▶ _Your instructions_:
Reproduce the entries below exactly, but only from the line containing "a516b0c91ed Men Cool" to the line containing "halloween printouts for", inclusive.
[Material supplied]
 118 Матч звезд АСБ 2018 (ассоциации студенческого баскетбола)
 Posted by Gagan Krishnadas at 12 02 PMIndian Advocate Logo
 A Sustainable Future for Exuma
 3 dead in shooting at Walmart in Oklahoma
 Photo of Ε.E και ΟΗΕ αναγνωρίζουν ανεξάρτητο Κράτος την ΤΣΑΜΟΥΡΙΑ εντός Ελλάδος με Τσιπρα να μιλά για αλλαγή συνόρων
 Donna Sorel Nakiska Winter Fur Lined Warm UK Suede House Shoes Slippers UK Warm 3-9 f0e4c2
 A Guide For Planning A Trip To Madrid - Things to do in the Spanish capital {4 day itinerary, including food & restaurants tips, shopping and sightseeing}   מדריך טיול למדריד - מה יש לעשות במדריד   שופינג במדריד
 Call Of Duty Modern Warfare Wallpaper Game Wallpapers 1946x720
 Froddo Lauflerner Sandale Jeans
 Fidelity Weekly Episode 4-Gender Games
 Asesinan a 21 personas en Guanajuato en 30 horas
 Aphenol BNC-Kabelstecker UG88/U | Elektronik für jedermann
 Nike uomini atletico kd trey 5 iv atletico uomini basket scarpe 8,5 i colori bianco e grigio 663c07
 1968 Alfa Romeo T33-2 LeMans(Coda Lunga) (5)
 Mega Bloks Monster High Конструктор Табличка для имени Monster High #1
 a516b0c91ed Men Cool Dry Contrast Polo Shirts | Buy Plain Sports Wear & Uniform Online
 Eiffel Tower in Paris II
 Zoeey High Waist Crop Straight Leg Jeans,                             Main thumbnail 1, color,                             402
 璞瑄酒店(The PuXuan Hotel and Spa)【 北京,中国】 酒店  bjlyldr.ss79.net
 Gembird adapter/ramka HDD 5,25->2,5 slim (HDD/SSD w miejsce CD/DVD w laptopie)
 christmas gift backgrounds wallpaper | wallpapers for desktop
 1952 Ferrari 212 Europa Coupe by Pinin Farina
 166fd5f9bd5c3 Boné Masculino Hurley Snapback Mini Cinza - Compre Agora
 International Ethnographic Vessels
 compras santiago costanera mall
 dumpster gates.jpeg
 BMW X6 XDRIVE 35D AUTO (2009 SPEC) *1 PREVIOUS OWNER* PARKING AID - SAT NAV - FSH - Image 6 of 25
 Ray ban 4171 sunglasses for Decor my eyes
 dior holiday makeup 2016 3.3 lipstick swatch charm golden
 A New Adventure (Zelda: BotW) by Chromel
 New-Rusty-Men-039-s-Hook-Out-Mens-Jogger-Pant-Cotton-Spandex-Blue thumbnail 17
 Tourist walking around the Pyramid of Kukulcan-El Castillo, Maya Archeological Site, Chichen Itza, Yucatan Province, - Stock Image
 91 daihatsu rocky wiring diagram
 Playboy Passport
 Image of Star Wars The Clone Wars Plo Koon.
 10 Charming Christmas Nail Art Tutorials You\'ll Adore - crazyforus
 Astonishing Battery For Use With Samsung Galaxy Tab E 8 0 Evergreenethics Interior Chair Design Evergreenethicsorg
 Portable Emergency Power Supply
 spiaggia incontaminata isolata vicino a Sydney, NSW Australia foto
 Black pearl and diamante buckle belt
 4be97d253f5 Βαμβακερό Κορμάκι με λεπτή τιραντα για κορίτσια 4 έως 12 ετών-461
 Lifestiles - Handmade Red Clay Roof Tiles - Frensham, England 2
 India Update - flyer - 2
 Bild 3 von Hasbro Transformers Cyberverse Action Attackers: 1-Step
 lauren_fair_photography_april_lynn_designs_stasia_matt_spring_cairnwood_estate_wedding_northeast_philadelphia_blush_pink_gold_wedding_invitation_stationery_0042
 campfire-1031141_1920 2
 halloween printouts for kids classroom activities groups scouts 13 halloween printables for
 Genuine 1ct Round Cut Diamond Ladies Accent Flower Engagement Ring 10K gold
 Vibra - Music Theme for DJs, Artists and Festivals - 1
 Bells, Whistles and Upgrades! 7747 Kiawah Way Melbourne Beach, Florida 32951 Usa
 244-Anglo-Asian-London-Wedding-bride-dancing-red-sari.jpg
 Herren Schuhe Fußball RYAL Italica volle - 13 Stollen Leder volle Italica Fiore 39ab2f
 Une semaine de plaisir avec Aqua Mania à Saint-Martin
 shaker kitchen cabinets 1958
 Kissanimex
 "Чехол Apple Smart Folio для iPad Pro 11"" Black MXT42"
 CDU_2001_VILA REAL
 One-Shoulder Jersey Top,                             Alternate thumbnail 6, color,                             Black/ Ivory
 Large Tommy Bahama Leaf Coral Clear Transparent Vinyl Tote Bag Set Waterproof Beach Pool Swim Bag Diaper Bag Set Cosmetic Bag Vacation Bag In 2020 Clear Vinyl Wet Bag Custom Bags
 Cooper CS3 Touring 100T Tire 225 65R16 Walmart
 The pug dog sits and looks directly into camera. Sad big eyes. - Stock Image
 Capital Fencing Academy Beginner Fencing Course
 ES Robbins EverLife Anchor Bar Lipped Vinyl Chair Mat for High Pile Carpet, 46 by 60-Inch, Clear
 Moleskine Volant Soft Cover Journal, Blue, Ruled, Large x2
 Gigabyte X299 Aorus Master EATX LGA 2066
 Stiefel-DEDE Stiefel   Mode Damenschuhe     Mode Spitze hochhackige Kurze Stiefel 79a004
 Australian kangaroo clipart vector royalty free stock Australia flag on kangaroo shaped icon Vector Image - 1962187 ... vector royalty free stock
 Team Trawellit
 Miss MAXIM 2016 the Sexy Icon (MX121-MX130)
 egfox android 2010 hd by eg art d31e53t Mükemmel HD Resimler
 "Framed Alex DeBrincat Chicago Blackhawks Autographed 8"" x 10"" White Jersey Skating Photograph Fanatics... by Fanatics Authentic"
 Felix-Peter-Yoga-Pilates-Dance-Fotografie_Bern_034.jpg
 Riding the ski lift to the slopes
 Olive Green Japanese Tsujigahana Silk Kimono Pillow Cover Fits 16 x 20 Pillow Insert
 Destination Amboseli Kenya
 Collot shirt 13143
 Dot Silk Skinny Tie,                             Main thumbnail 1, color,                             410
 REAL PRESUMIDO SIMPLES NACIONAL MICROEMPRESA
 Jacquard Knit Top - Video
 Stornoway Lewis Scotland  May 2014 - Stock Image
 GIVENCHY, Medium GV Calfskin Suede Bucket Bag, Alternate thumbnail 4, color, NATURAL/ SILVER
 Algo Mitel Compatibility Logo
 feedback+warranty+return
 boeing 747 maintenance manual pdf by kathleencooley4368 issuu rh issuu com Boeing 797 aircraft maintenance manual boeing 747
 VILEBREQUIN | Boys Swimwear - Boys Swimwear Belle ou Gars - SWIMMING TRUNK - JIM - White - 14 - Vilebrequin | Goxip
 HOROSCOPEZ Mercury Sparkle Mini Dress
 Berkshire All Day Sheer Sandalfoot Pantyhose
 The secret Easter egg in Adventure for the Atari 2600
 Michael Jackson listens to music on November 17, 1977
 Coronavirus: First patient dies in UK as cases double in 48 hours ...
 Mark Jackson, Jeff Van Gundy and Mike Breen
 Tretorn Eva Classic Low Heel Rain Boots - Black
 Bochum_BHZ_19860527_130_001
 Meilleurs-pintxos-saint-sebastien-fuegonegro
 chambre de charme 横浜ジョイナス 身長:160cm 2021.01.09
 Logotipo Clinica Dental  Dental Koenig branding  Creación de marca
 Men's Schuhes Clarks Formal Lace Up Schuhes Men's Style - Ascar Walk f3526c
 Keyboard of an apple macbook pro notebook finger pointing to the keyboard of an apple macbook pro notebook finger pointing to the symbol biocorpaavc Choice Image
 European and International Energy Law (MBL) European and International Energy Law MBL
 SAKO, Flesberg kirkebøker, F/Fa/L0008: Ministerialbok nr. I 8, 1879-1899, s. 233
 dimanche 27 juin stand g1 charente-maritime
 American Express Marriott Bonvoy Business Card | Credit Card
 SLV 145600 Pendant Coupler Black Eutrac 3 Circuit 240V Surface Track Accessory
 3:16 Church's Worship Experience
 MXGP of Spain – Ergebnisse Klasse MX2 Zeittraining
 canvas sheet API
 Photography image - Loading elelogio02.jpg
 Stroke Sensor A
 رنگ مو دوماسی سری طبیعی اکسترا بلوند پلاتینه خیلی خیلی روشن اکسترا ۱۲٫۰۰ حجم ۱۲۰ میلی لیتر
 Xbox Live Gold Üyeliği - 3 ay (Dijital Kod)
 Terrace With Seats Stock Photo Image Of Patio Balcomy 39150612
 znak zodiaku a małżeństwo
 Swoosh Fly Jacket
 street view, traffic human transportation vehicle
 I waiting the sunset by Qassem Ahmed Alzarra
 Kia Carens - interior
[/Material supplied]
▶ _Result below_:
 a516b0c91ed Men Cool Dry Contrast Polo Shirts | Buy Plain Sports Wear & Uniform Online
 Eiffel Tower in Paris II
 Zoeey High Waist Crop Straight Leg Jeans,                             Main thumbnail 1, color,                             402
 璞瑄酒店(The PuXuan Hotel and Spa)【 北京,中国】 酒店  bjlyldr.ss79.net
 Gembird adapter/ramka HDD 5,25->2,5 slim (HDD/SSD w miejsce CD/DVD w laptopie)
 christmas gift backgrounds wallpaper | wallpapers for desktop
 1952 Ferrari 212 Europa Coupe by Pinin Farina
 166fd5f9bd5c3 Boné Masculino Hurley Snapback Mini Cinza - Compre Agora
 International Ethnographic Vessels
 compras santiago costanera mall
 dumpster gates.jpeg
 BMW X6 XDRIVE 35D AUTO (2009 SPEC) *1 PREVIOUS OWNER* PARKING AID - SAT NAV - FSH - Image 6 of 25
 Ray ban 4171 sunglasses for Decor my eyes
 dior holiday makeup 2016 3.3 lipstick swatch charm golden
 A New Adventure (Zelda: BotW) by Chromel
 New-Rusty-Men-039-s-Hook-Out-Mens-Jogger-Pant-Cotton-Spandex-Blue thumbnail 17
 Tourist walking around the Pyramid of Kukulcan-El Castillo, Maya Archeological Site, Chichen Itza, Yucatan Province, - Stock Image
 91 daihatsu rocky wiring diagram
 Playboy Passport
 Image of Star Wars The Clone Wars Plo Koon.
 10 Charming Christmas Nail Art Tutorials You\'ll Adore - crazyforus
 Astonishing Battery For Use With Samsung Galaxy Tab E 8 0 Evergreenethics Interior Chair Design Evergreenethicsorg
 Portable Emergency Power Supply
 spiaggia incontaminata isolata vicino a Sydney, NSW Australia foto
 Black pearl and diamante buckle belt
 4be97d253f5 Βαμβακερό Κορμάκι με λεπτή τιραντα για κορίτσια 4 έως 12 ετών-461
 Lifestiles - Handmade Red Clay Roof Tiles - Frensham, England 2
 India Update - flyer - 2
 Bild 3 von Hasbro Transformers Cyberverse Action Attackers: 1-Step
 lauren_fair_photography_april_lynn_designs_stasia_matt_spring_cairnwood_estate_wedding_northeast_philadelphia_blush_pink_gold_wedding_invitation_stationery_0042
 campfire-1031141_1920 2
 halloween printouts for kids classroom activities groups scouts 13 halloween printables for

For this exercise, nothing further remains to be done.